Data extracts:
▬▬▬▬▬▬▬▬▬▬

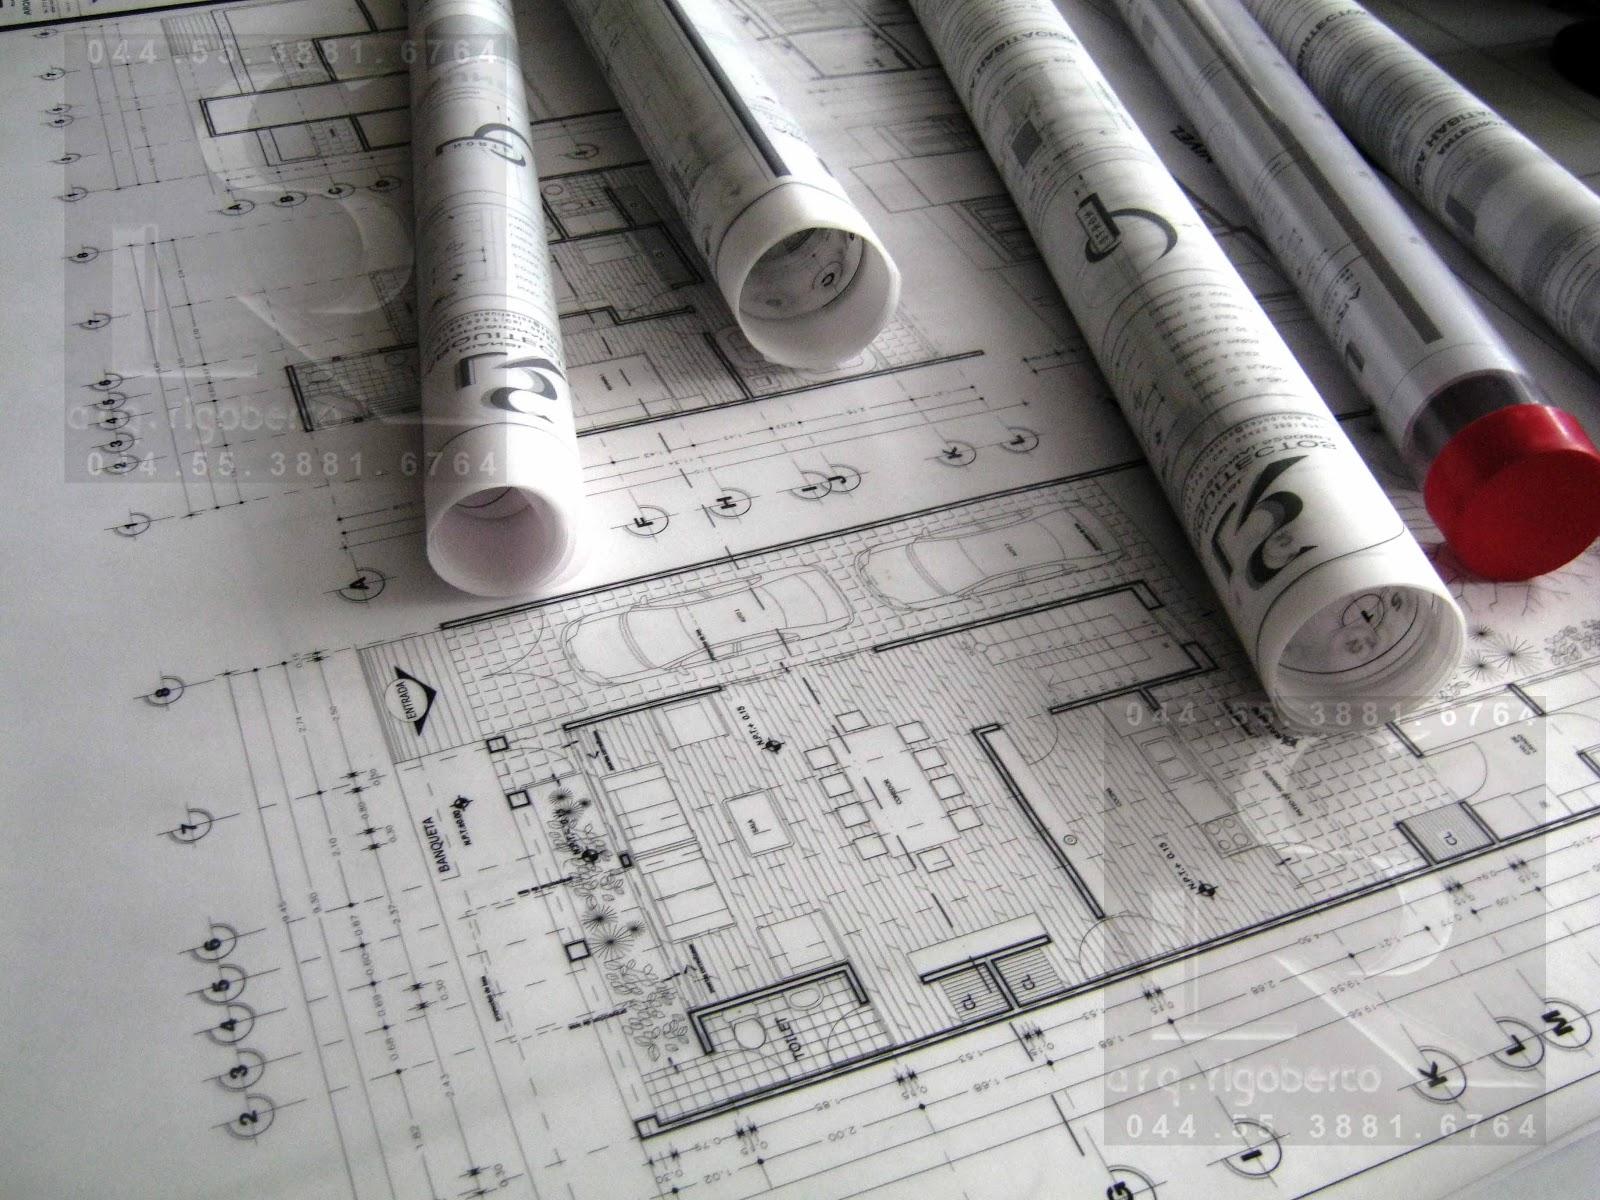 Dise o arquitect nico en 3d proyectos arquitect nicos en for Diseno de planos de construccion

▬▬▬▬▬▬▬▬▬▬

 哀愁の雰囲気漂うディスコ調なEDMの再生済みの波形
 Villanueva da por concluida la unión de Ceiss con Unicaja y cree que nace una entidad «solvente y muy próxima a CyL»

▬▬▬▬▬▬▬▬▬▬

Task description:
Look in the material above for the line with "哀愁の雰囲気漂うディスコ調なEDMの再生済みの波形" and the line with "Villanueva da por", and transcribe exactly those lines and all lines between them, nothing more.

Exercise response:
 哀愁の雰囲気漂うディスコ調なEDMの再生済みの波形
 Villanueva da por concluida la unión de Ceiss con Unicaja y cree que nace una entidad «solvente y muy próxima a CyL»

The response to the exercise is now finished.